Generally speaking with such operations you aim for two things:
Do not execute a query inside a loop
Reduce the number of queries required by performing computations on the SQL side
Additionally, you might want to merge some of the queries you have, if possible.
Let's start with 2), because this is very specific and often not easily possible. Generally, the fastest operation here would be to write a single query that returns the rank. There are two options with this:
The query is quick to run so you just execute it whenever you need the ranking. This would be the very simple case of something like this:
SELECT
thing.*,
(POINTS_QUERY) as score
FROM thing
ORDER BY score DESC
In this case, this will give you an ordered list of things by some artificial score (e.g. if you build some kind of competition). The POINTS_QUERY
would be something that uses a specific thing
in a subquery to determine its score, e.g. aggregate the points of all the tasks it has solved.
In SQLAlchemy, this would look like this:
score = session.query(func.sum(task.points)).filter(task.thing_id == Thing.id).correlate(Thing).label("score")
thing_ranking = session.query(thing, score).order_by(desc("score"))
This is somewhat a little bit more advanced usage of SQLAlchemy: We construct a subquery that returns a scalar value we labled score
. With correlate
we tell it that thing
will come from an outer query (this is important).
So that was the case where you run a single query that gives you a ranking (the ranks a determined based on the index in the list and depend on your ranking strategy). If you can achieve this, it is the best case
The query itself is expensive you want the values cached. This means you can either use the solution above and cache the values outside of the database (e.g. in a dict or using a caching library). Or you compute them like above but update a database field (like Thing.rank
). Again, the query from above gives us the ranking. Additionally, I assume the simplest kind of ranking: the index denotes the rank:
for rank, (thing, score) in enumerate(thing_ranking):
thing.rank = rank
Notice how I base my rank based on the index using enumerate
. Additionally, I take advantage of the fact that since I just queried thing
, I already have it in the session, so no need for an extra query. So this might be your solution right here, but read on for some additional info.

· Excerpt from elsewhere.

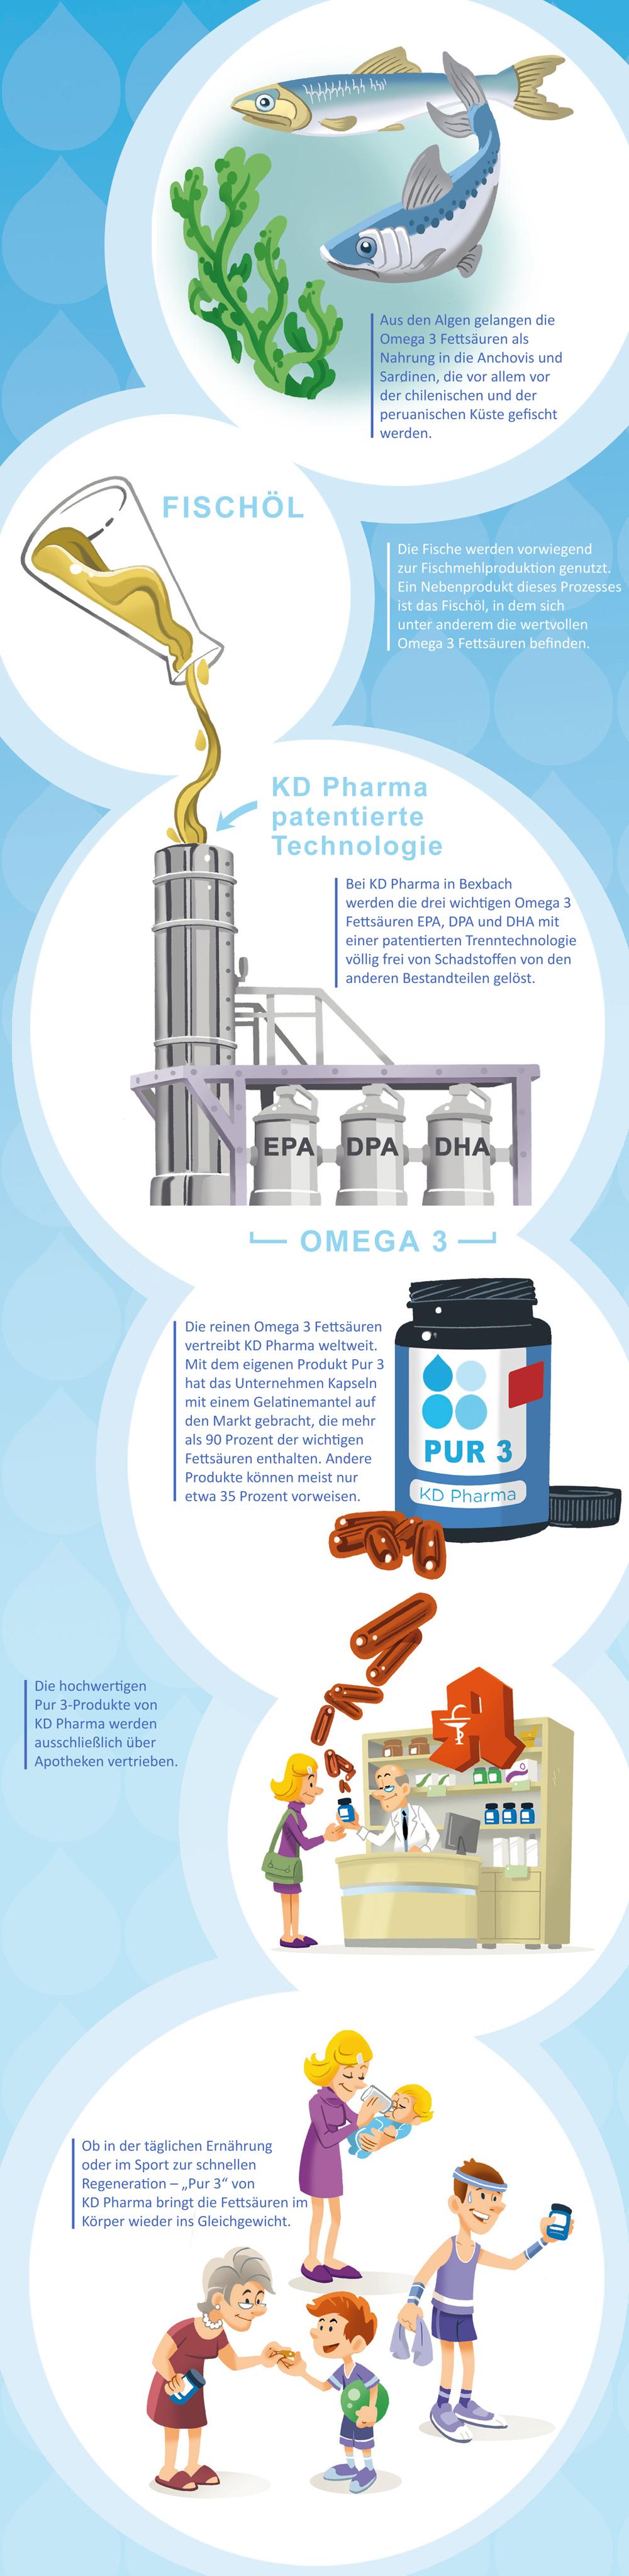 infografik_kd-pharma_korr_02

Using the last idea from above, we can now tackle 1): Get the query outside the loop. In general I noticed that you pass a list of things to a sorting function that only seems to return IDs. Why? If you can change it, make it so that it returns the things as a whole.
However, it might be possible that you cannot change this function so let's consider what we do if we can't change it. We already have a list of all relevant things. And we get a sorted list of their IDs. So why not build a dict
as a lookup for ID -> Thing?
things_dict = dict(thing.id, thing for thing in lock_things)

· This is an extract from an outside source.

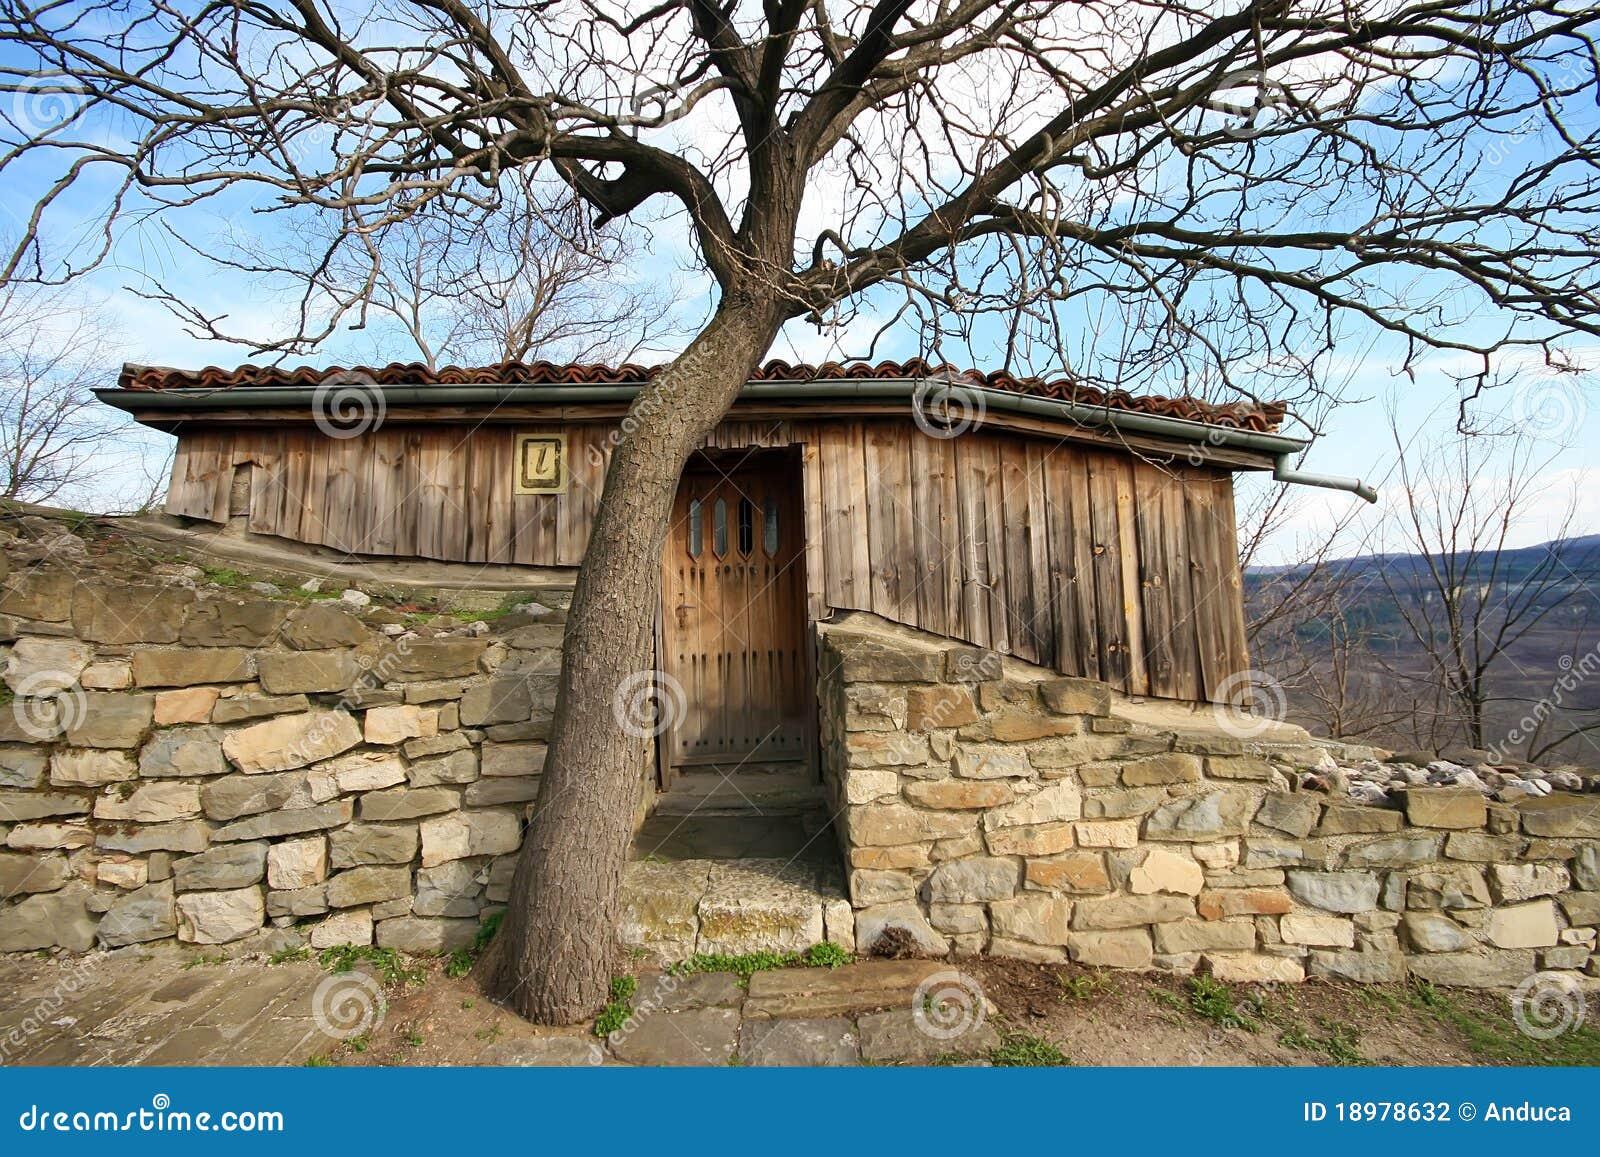 Case Di Pietra E Legno : Casa di pietra e di legno fotografia stock. immagine di corsa 18978632

We can use this dict instead of querying inside the loop:
for prediction, id in tups:
thing = things_dict[id]
However, it may be possible (for some reason I missed in your example) that not all IDs were returned previously. In that case (or in general) you can take advantage of a similar mapping SQLAlchemy keeps itself: You can ask it for a primary key and it will not query the database if it already has it:
for prediction, id in tups:
thing = session.query(Thing).get(id)
So that way we have reduced the problem and only execute queries for objects we don't already have.

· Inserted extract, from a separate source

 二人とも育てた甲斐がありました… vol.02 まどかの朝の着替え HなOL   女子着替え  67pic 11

One last thing: What if we don't have most of the things? Then I didn't solve your problem, I just replaced the query. In that case, you will have to create a new query that fetches all the elements you need. In general this depends on the source of the IDs and how they are determined, but you could always go the least efficient way (which is still way faster than inside-loop queries): Using SQL's IN
:
all_things = session.query(Thing).filter(Thing.group_id == 4).filter(Thing.id.in_([id for _, id in tups]).all()
This would construct a query that filters with the IN
keyword. However, with a large list of things this is terribly inefficient and thus if you are in this case, it is most likely better you construct some more efficient way in SQL that determines if this is an ID you want.
Summary
So this was a long text. So sum up:
Perform queries in SQL as much as possible if you can write it efficiently there
Use SQLAlchemy's awesomeness to your advantage, e.g. create subqueries
Try to never execute queries inside a loop
Create some mappings for yourself (or use that of SQLAlchemy to your advantage)
Do it the pythonic way: Keep it simple, keep it explicit.
One final thought: If your queries get really complex and you fear you loose control over the queries executed by the ORM, drop it and use the Core instead. It is almost as awesome as the ORM and gives you huge amounts of control over the queries as you build them yourselves. With this you can construct almost any SQL query you can think of and I am certain that the batch updates you mentioned are also possible here (If you see that my queries above lead to many UPDATE
statements, you might want to use the Core).